Without Ariadne's help, Theseus could not have defeated the Minotuar and found his way out of the labyrinth. Despite this, he doesn't feel obligated to stick with her and ends up marrying her sister instead. That's Theseus's little white sail in the painting above, as he hightails it out of Naxos. Ariadne has just realized she's been betrayed when Dionysus shows up with his retinue, telling her to forget about Theseus, that he himself is her rightful husband.

This painting reminds me of my first conscious encounter with mythology. I must have been about four, and I was fascinated by an ad in a magazine for what, as I remember it, was chewing gum.

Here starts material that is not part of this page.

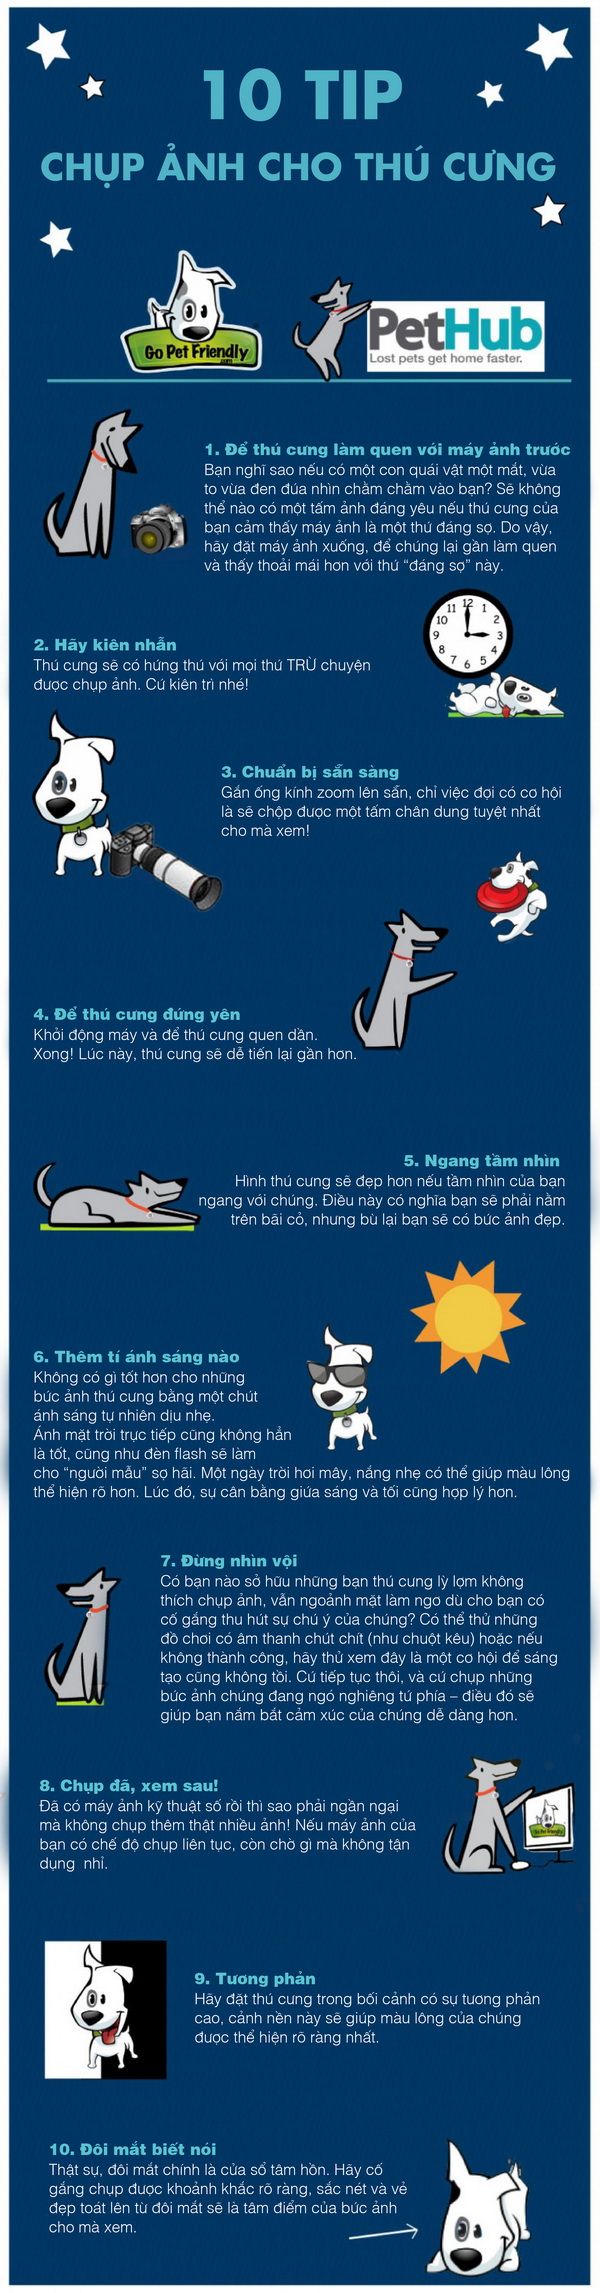 [Infographic] 10 Tip tuyệt vời chụp ảnh cho thú cưng
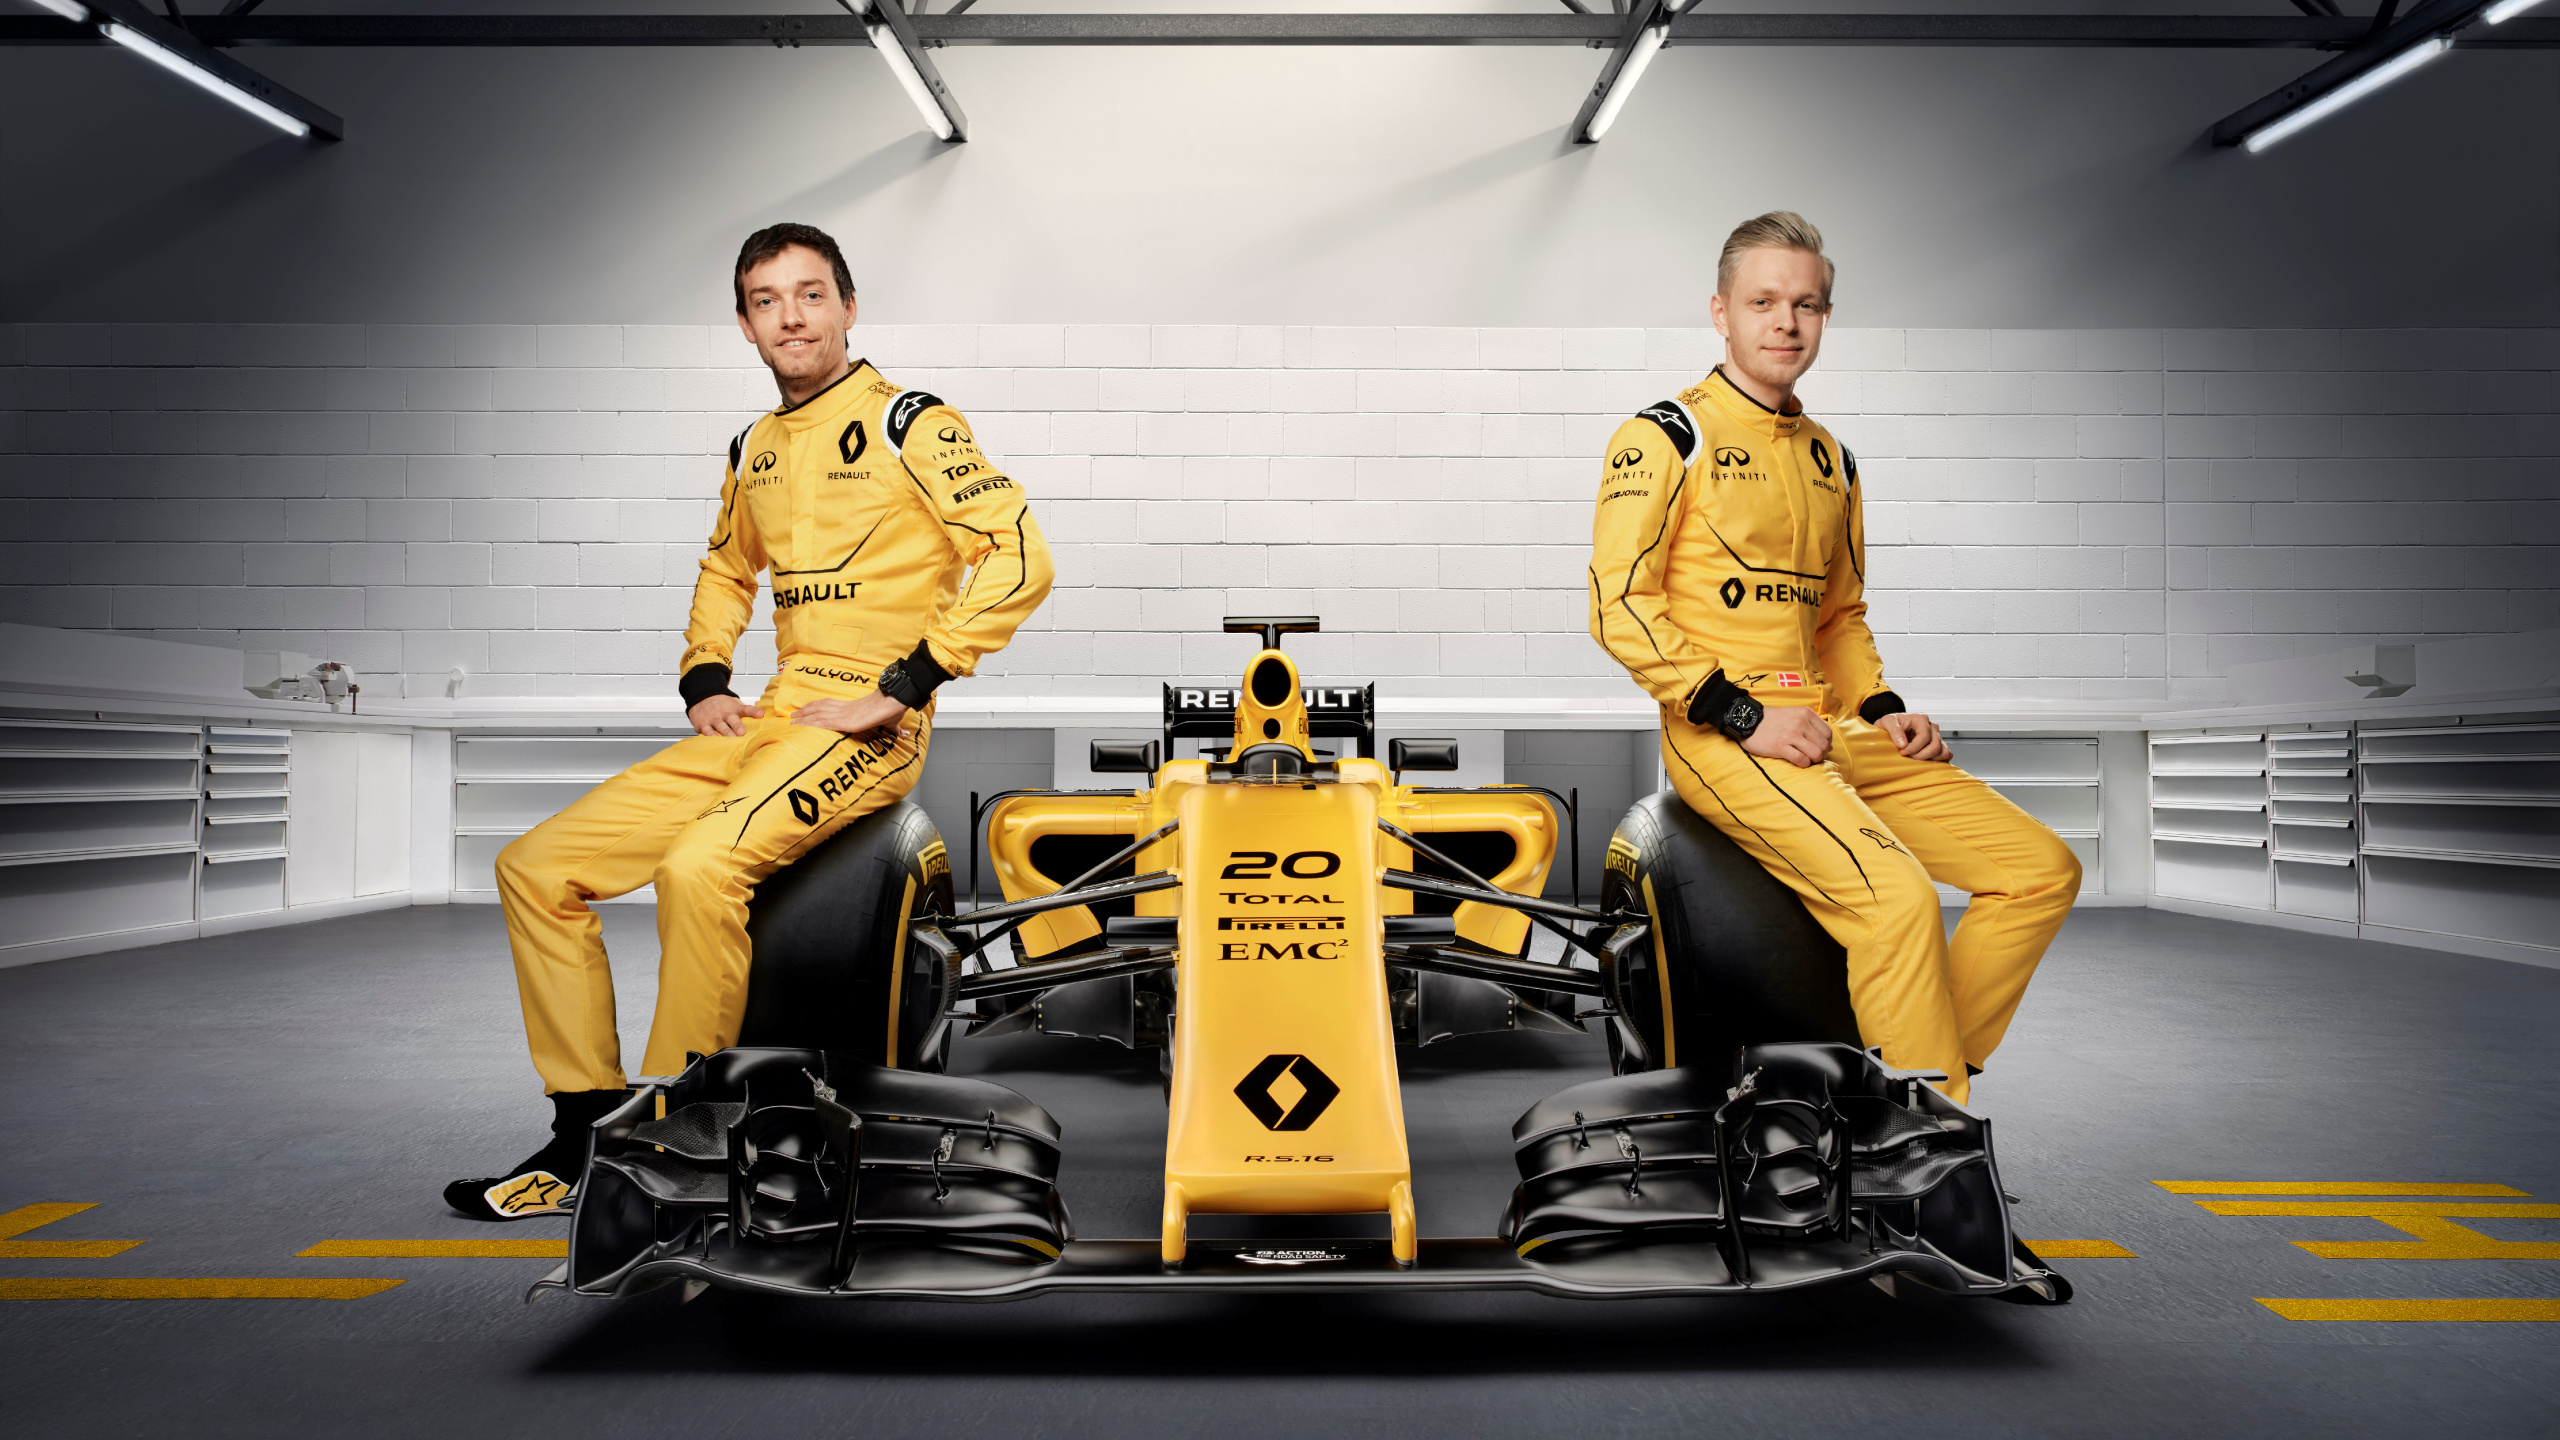 Обои 2016 Формула Один Чемпионат Мира, автогонки, Рено, желтый, команда в разрешении 2560x1440

The ad was full of fantastical figures – gods, goddesses, nymphs, cupids with arrows – crowded together in a busy tableau. I couldn’t stop looking at it. I didn’t quite know who they were, but I think what enchanted me was the energy and variety; they had human characteristics but were obviously not people. I was in awe of this not-quite-human cast and the dynamic interplay.

The chapter I’ve been reading in Miller discusses character in literature and the problem of “self.” Miller examines the assumptions we make about the unity of self and casts doubt on them. He is only taking up the thread, so to speak, of other critics before him who deny that we can speak of the self as a distinct, consistent entity, believing instead that identity is a "necessary fiction."

In spite of the attempts of so many philosophers to dispense with the self, for me the idea sticks. I do experience myself as a consistent identity, with attitudes and ways of thinking that persist from day to day. I think most people do the same. Ten years from now, I will be able to remember tonight, just like I can now remember myself as a four-year-old.

Mnemosyne, one of the oldest of the immortals, is Memory in Greek mythology. She is the mother of the nine Muses (and may even have been somewhere in that fascinating ad all those years ago). Memory makes identity possible, so maybe Memory is Ariadne’s thread, the constant matter out of which a life is woven. This is Memory not just in the sense of what I consciously remember but also in the sense of instinctual and biological memories buried in my cells.

When I first encountered Ariadne and Dionysus in this myth, they seemed like a strange couple. But if myth is really a reflection of lived experience, their belonging together makes sense. Ariadne holds the thread that makes inspiration possible. This thread allows Theseus to penetrate deep into a mystery he couldn’t have managed otherwise, but back in the light of day, he discards the thread. Theseus is, after all, a warrior, and lives by the sword, not by inspiration. Dionysus, a vegetation god, embodies creative life force, ecstasy, song, and dance. Cross him with inspiration, and that makes art. Maybe if you follow the thread back far enough, you always meet Dionysus.